Это Губернаторский многолик и непостоянен. Был Губернаторским – пожалуйста, стал садом Революции - тоже ничего, Парком пионеров и школьников – совсем не против.
Одно имя не прижилось, так это парк имени 50-летия Октября. И очень интересно, что с изменением имени менялся и статус – сад, сад, парк и опять парк.
А ОН всегда оставался бульваром.
Милым, добрым, продуваемый нордом и моряной, но таким тёплым – бульваром. И никакое название к нему не прилипало. Ну, скажите, кто называл бульвар Приморским парком – единицы.
Всегда, во все времена, он был для всех просто – БУЛЬВАР.
Но, старики делили его на новый и старый. Где заканчивался один и начинался другой?
А деление было такое - от «Азнефти» и до Ольгинской (не Джапаридзе, а именно Ольгинской) был старый, а от Ольгинской и до стеночки, за «парашюткой» - был новый.
Очень условная граница – невидимая. Это всего один километр расстояния, но какой километр. Для многих это километр судьбы.
Но нам, пацанам, (не хочется писать мальчишкам) более привлекательна была часть необжитая, не тронутая цивилизацией в полном объёме.
«Там, где кончается асфальт» - фильм такой был.
Это было буквально. Кончался асфальт и начинался гравий. Гравием была усыпана вся Территория.
И не помню (хочу вспомнить и, не получается), хоть какой-нибудь кустик зелени.
Были олеандры вдоль набережной, был круг, где разворачивался трамвай, тоже с олеандрами. Вот, пожалуй, и всё.
А для нас, конец асфальта, было началом путешествий и приключений.
Во первых, можно было посидеть на парапете у того места, которое называется «каменная пристань». (Это название я узнал только лет десять назад. Не было его в нашем лексиконе).
Посидеть, посмотреть на жизнь военморов.
Последний или первый причал (смотря, откуда считать) – был военный.
Там стояли две, но чаще всего одна десантная баржа. Это было судно, которое нам стыдно было назвать судном.
Нужно было иметь определенное воображение, чтоб назвать военным кораблём плавсредство прямоугольной формы, не имеющее ни носа, ни кормы. Об их наличии можно было только догадываться.
На носу была аппарель (это съезд для перевозимой техники), а на корме была ходовая рубка.
Всё! Ни тебе пушек, ни пулемётов. «Корыто», одним словом.
Утром баржа уходила в свой дальний вояж, аж на остров Нарген, а вечером возвращалась. Что перевозила она - неведомо.

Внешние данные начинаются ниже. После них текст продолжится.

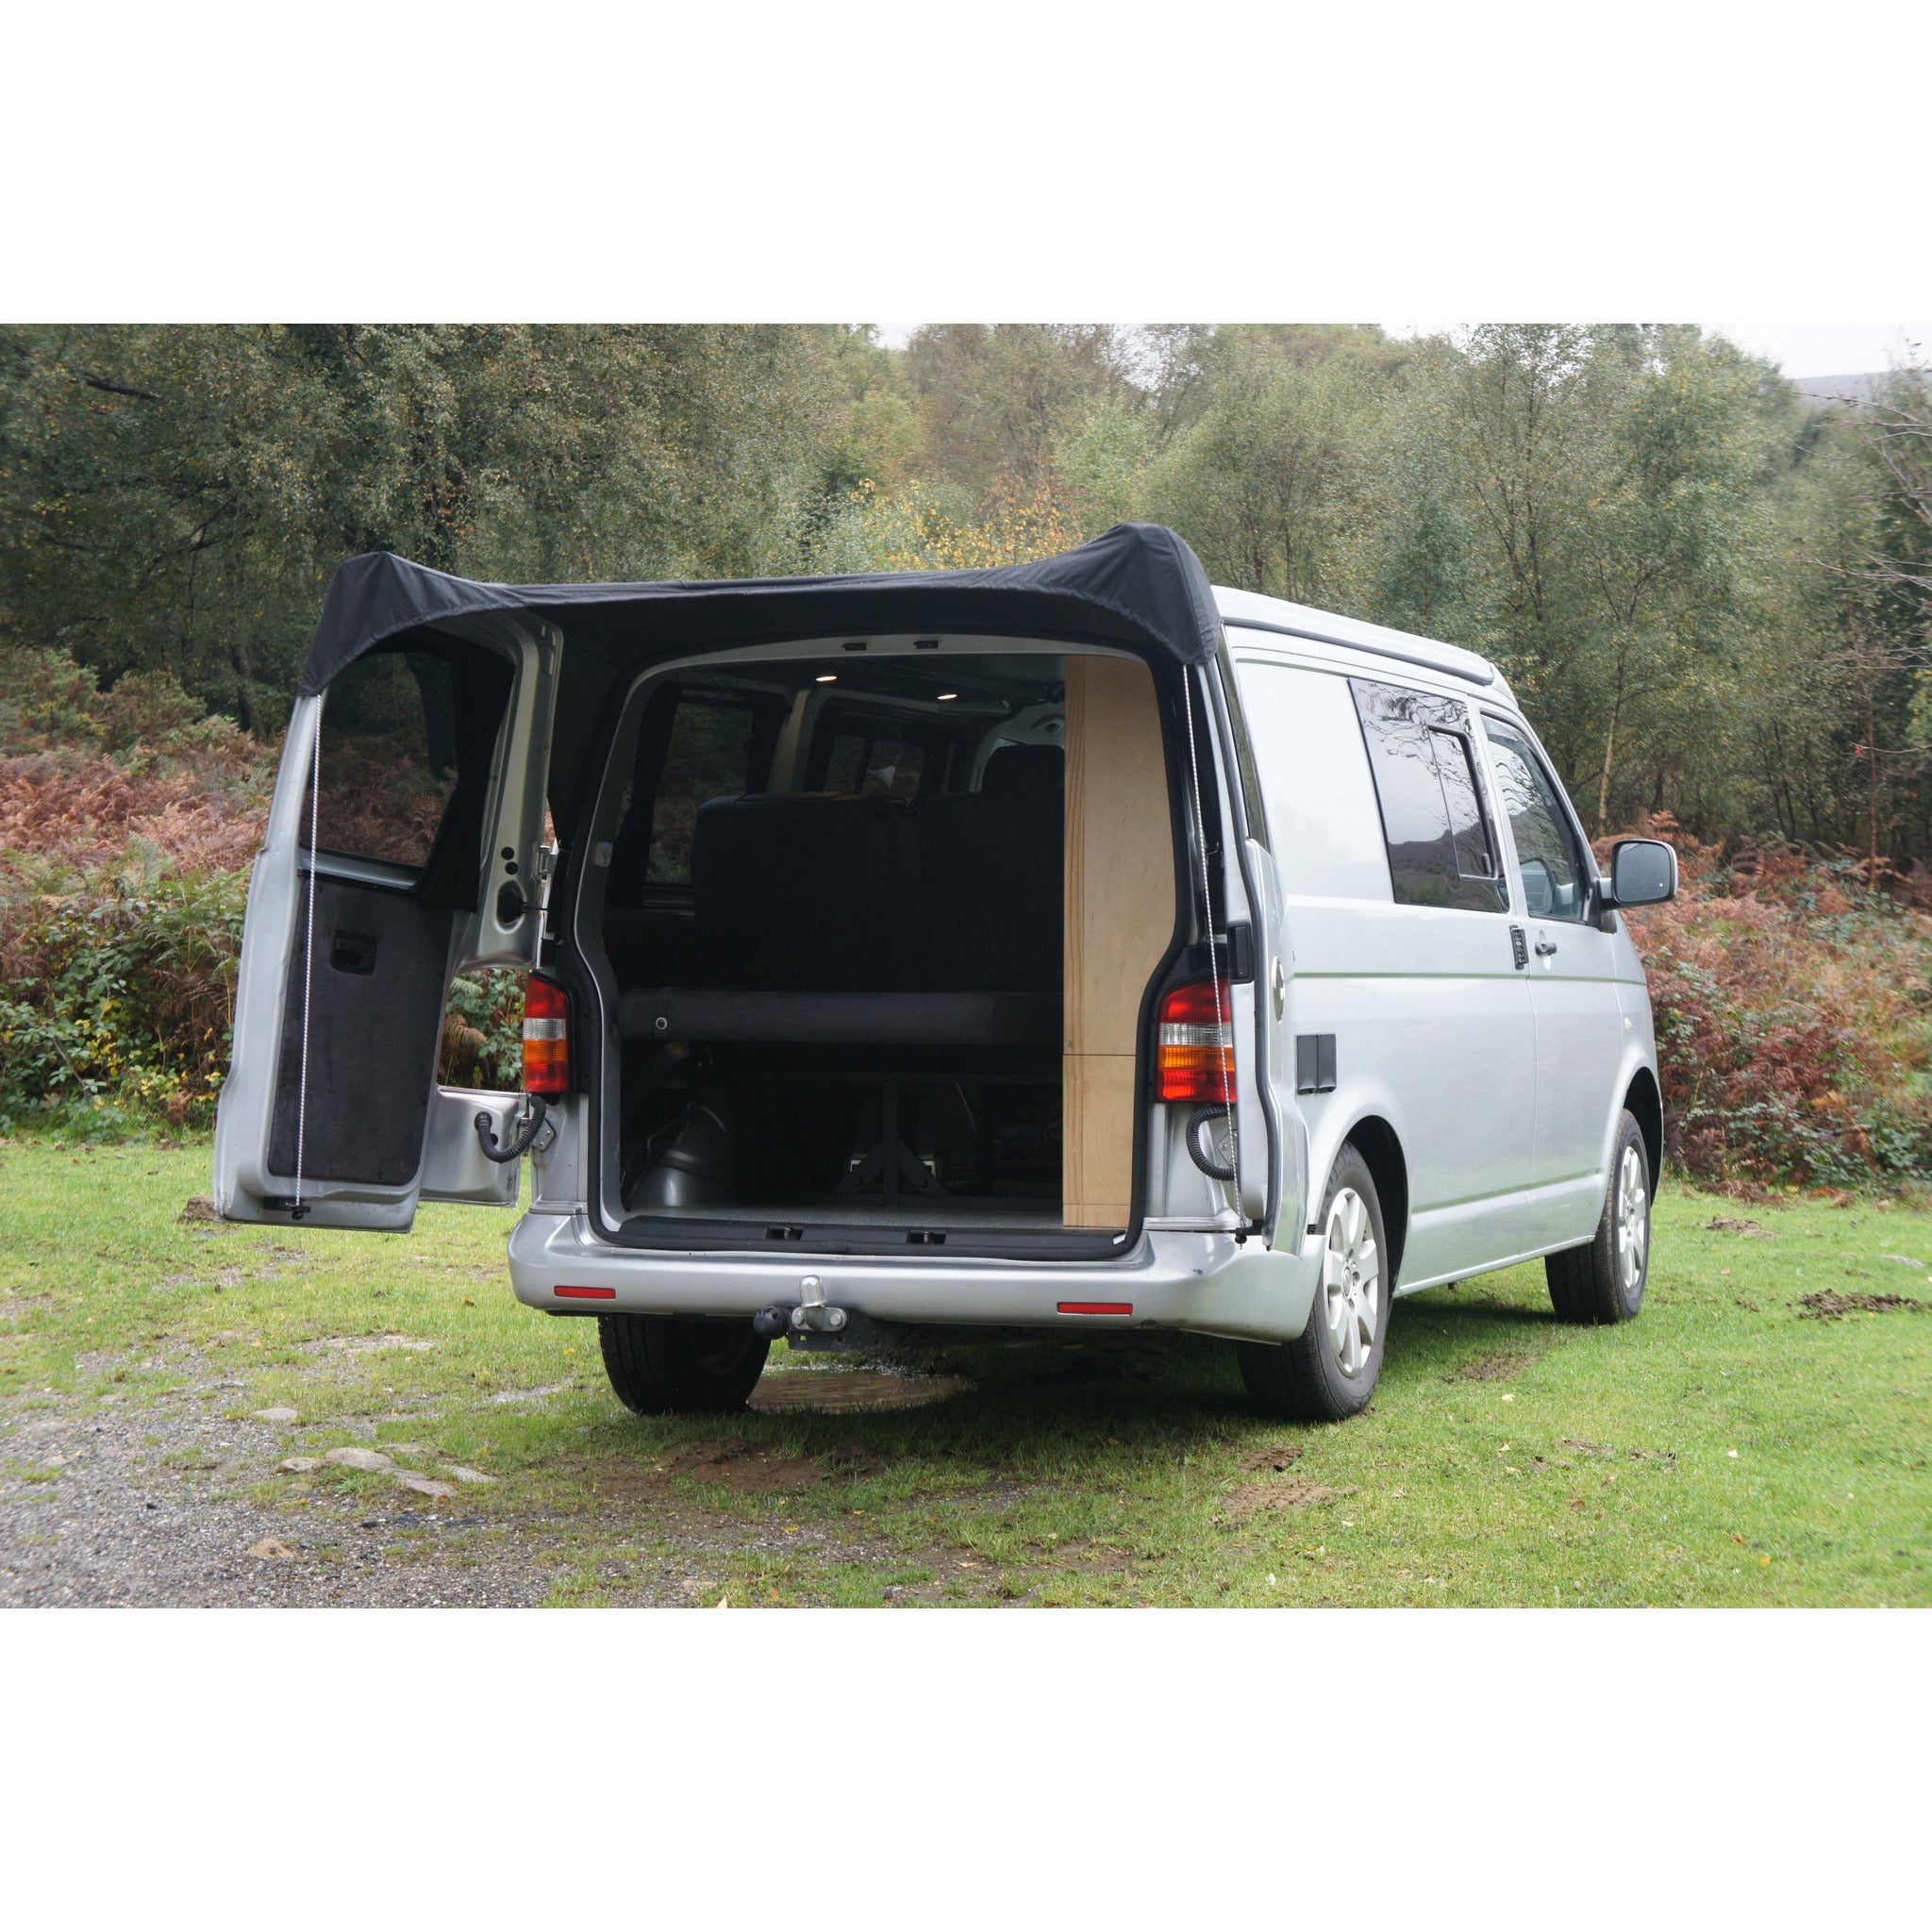 No Tailgate? No problem Barn Door Campervan Awning for VW T4

Причём, при определённом волнении вообще она оставалась на своём месте.
Интересно было смотреть, как она швартовалась, возвращаясь вечером.
Во-первых, можно было слышать, как небольшие волны бьют баржу под днище. Звук страстного поцелуя с причмокиванием.
А потом она начинала предупреждать о своём прибытии завыванием сирены.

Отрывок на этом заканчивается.